# Smart gesture not working



## Giuliaserena (Dec 31, 2015)

Hello!

I have an Asus Zenbook UX305F, running Windows 8.1. When I bought it a couple of months ago Asus Smart Gesture was not working. I tried repairing it, still nothing. I uninstalled it, and now can't even manage to install it! I downloaded the latest ATK version, but nothing. 

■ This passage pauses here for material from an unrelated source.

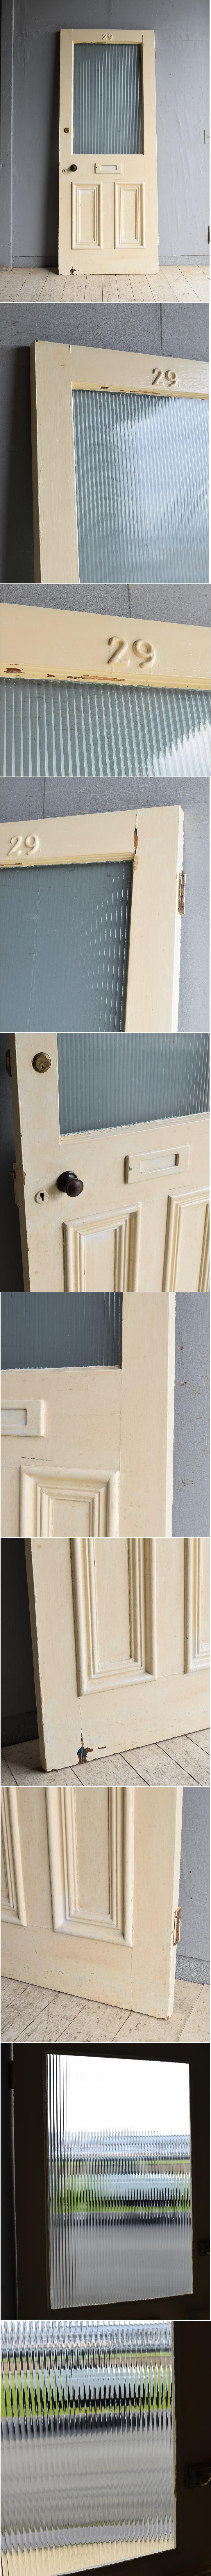 イギリス アンティーク ドア 扉 建具 8441
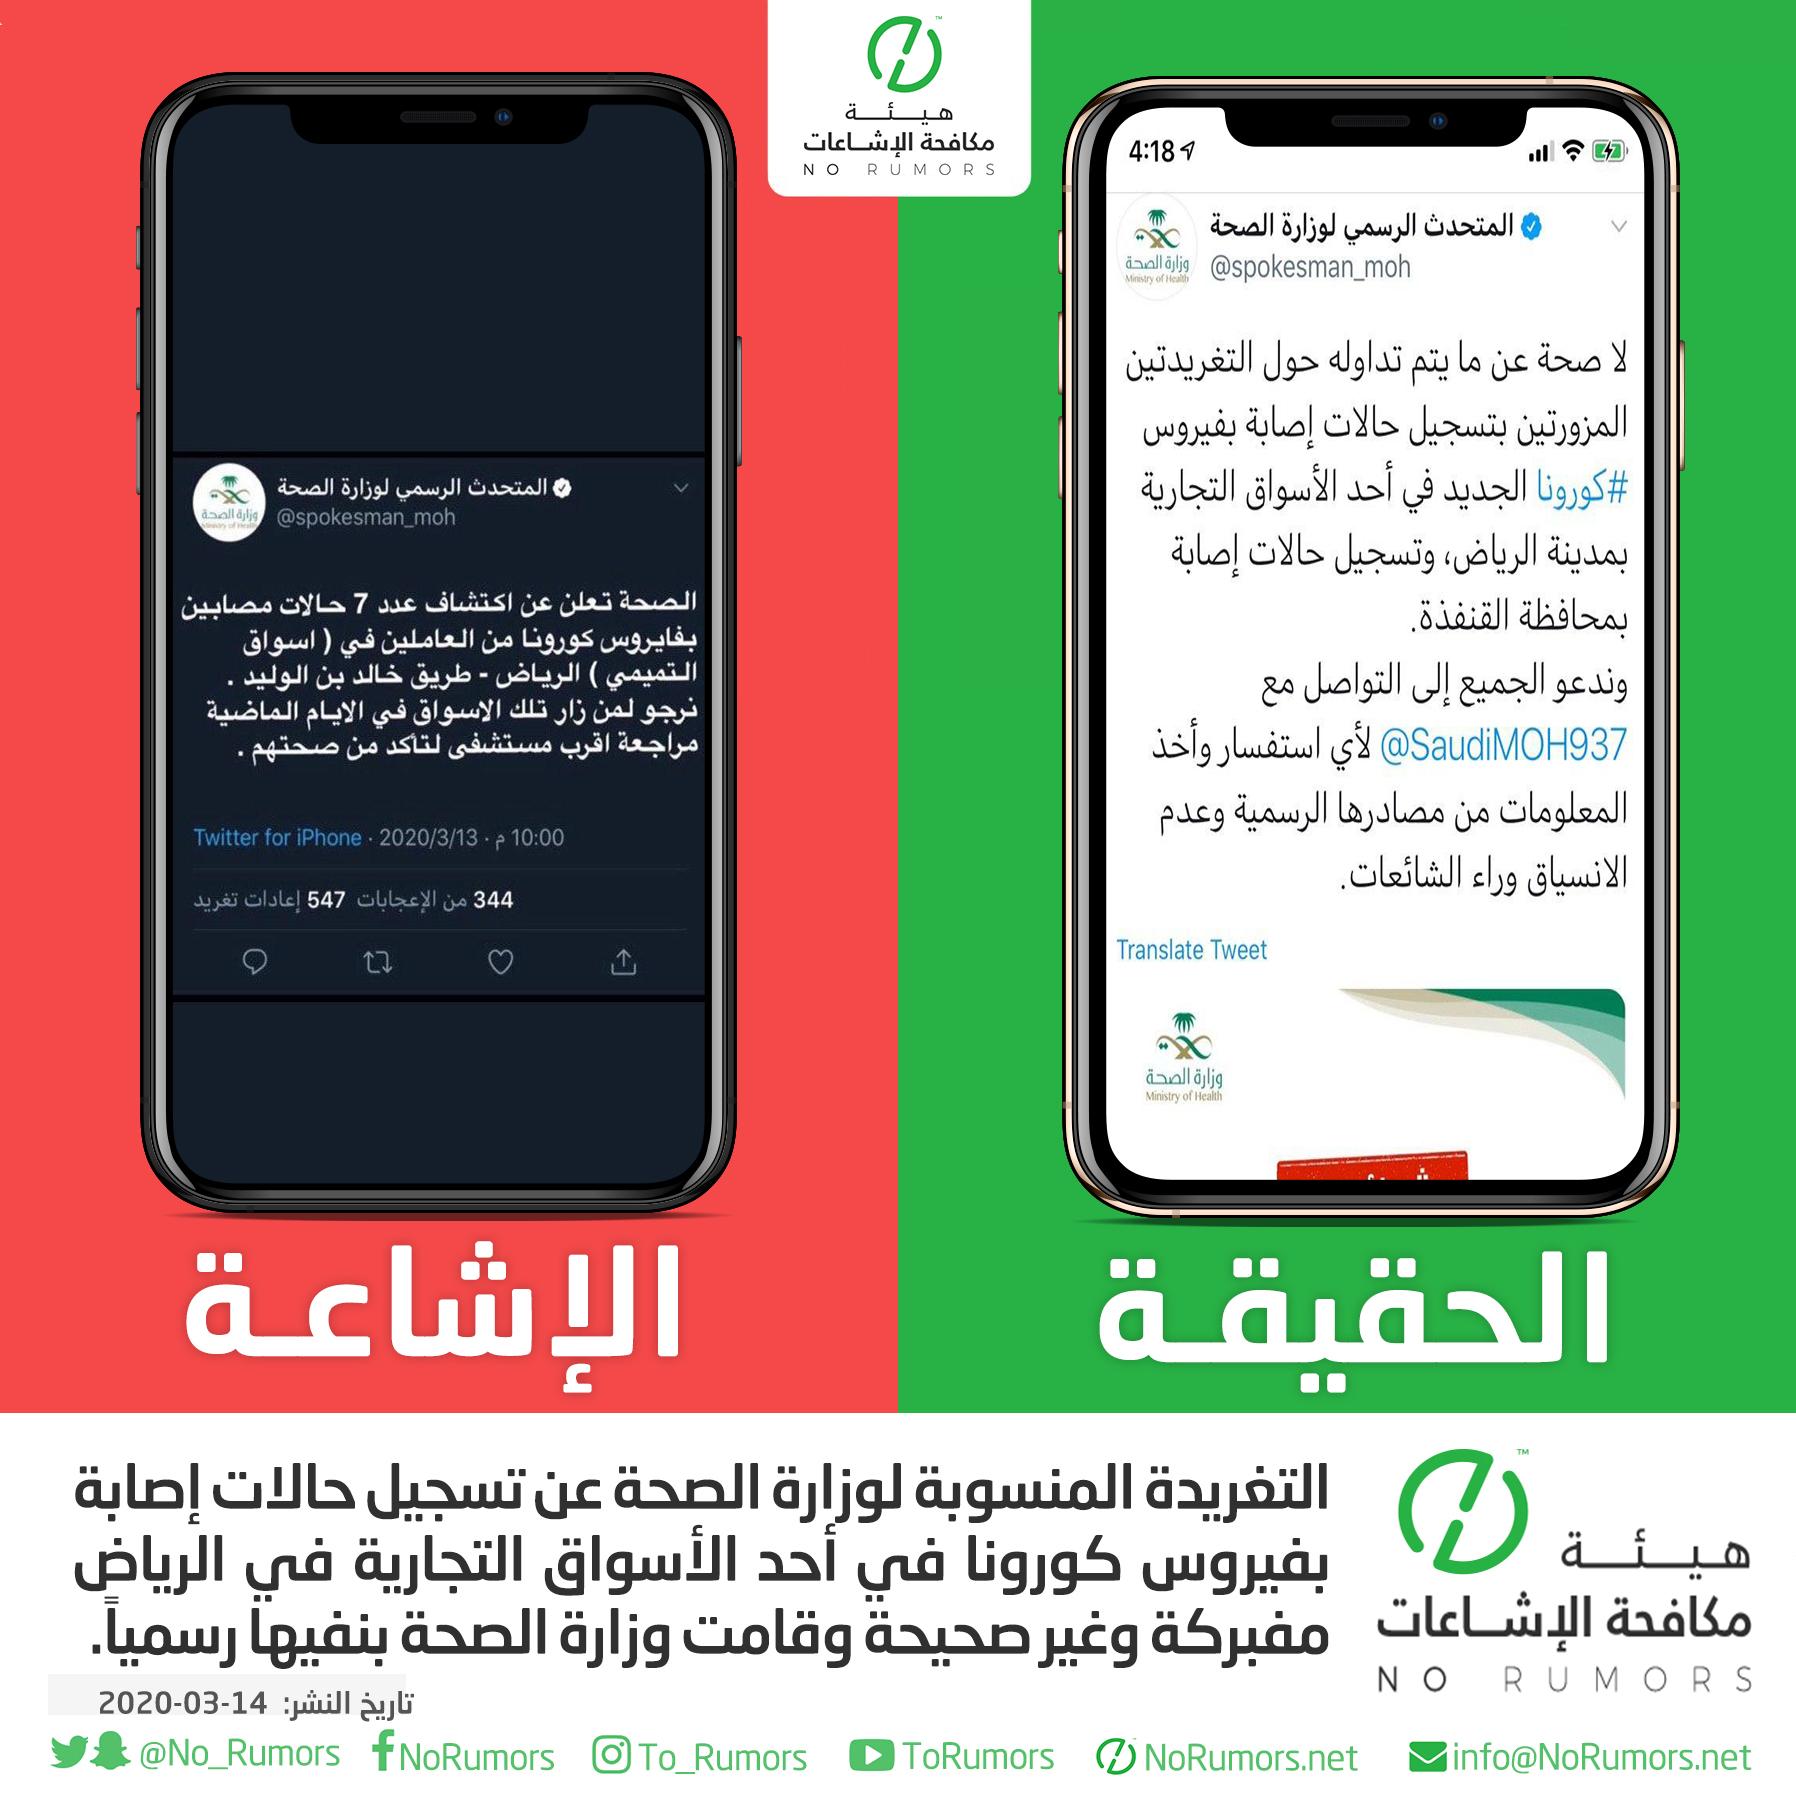 حقيقة التغريدة المنسوبة لوزارة الصحة عن تسجيل حالات إصابة بفيروس كورونا في أحد الأسواق التجارية في الرياض

Any suggestions?! It's really annoying to have a new laptop and already have problems!!

Thank you!


----------



## spunk.funk (May 13, 2010)

If it's a new laptop as you say, then take it back and have them fix it. 
Other then that. What happens when you tried reinstalling it? 
Go to the Asus Support/Download Drivers page for your model: ASUS ZENBOOK UX305FA | Notebooks | ASUS USA Choose your OS version and under *Touchpad*, download the latest driver.


----------



## Giuliaserena (Dec 31, 2015)

My parents bought it online for me in Italy, where they live, but I live in the UK. Returning the laptop would mean being without it for months, and I've had to do it already because of a much bigger problem (but the touchpad was working then!!)
I have downloaded the latest version already, still nothing... 
Thanks anyway!!


----------



## spunk.funk (May 13, 2010)

What happens when you install the driver? 
If the trackpad working at all? Boot into Setup (Bios) go to *Integrated Peripherals*, look for* Trackpad,* if it is disabled, Enable it. If you can't find that then the hardware may have failed.


----------



## Giuliaserena (Dec 31, 2015)

The touchpad is working, it's only the smart gesture not working. When I try to install it it gives this message:


----------



## spunk.funk (May 13, 2010)

Download the Windows Installer then try it again: https://www.microsoft.com/en-us/download/details.aspx?id=8483


----------